Elle peut notamment faire procéder à des vérifications sur place par des experts désignés à cet effet. Les journaux demandeurs habilitent tous organismes privés concourant à leur activité de presse, tels que imprimeurs, agences de publicité, sociétés de messagerie, à fournir les renseignements nécessaires à ces contrôles.

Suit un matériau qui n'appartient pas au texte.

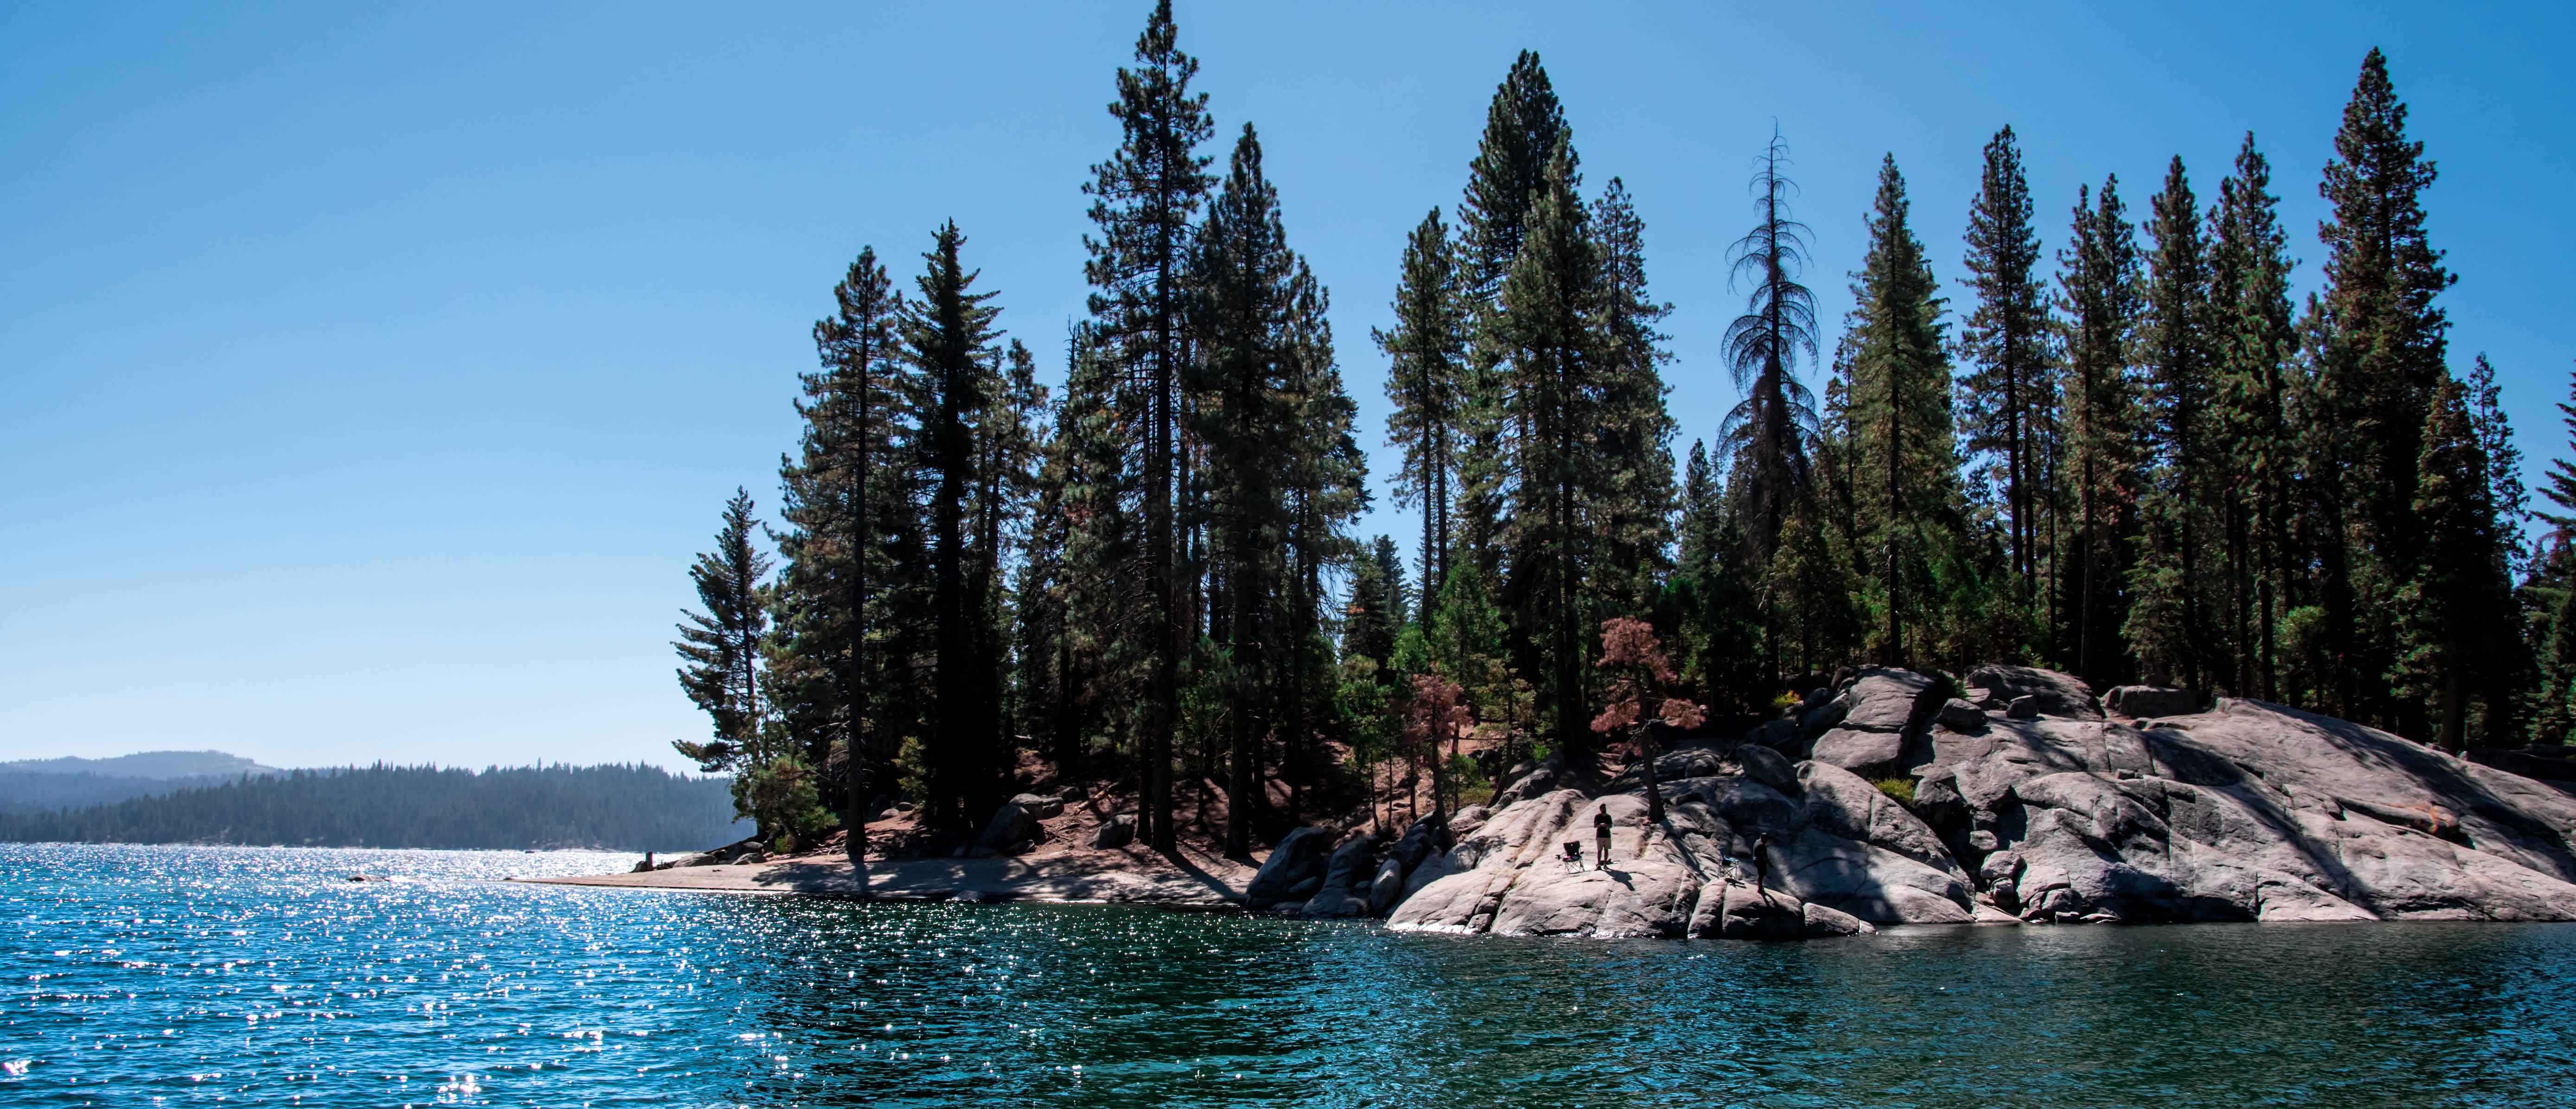 Large body of lake water surrounded by rock formations and evergreen trees

Le présent décret est applicable en Nouvelle-Calédonie et en Polynésie française dans les conditions suivantes :

1° Au f de l'article 2-1, les mots : "dans la région ou le département où ils sont diffusés” sont remplacés par les mots : "en Nouvelle-Calédonie” pour l'application du texte en Nouvelle-Calédonie ou : "en Polynésie française” pour l'application du texte en Polynésie française ;

2° Le dernier alinéa de l'article 2-2 est supprimé ;

3° Le dernier alinéa de l'article 3 est remplacé par les dispositions suivantes :

"Aucune aide ne peut être versée aux entreprises qui ne justifient pas de la régularité de leur situation tant au regard des organismes chargés de la gestion des services de sécurité sociale qu'au regard des administrations chargées du recouvrement des impôts et taxes” ;

4° Au quatrième alinéa de l'article 4, la référence à "la législation fiscale et sociale” est remplacée par la référence à "la réglementation fiscale et sociale localement applicable”.
Article 5

Le ministre d'Etat, ministre de l'économie, des finances et du budget, le ministre de la culture, de la communication, des grands travaux et du Bicentenaire, le ministre délégué auprès du ministre d'Etat, ministre de l'économie, des finances et du budget, chargé du budget, et le ministre délégué auprès du ministre de la culture, de la communication, des grands travaux et du Bicentenaire, chargé de la communication, sont chargés, chacun en ce qui le concerne, de l'exécution du présent décret, qui sera publié au Journal officiel de la République française.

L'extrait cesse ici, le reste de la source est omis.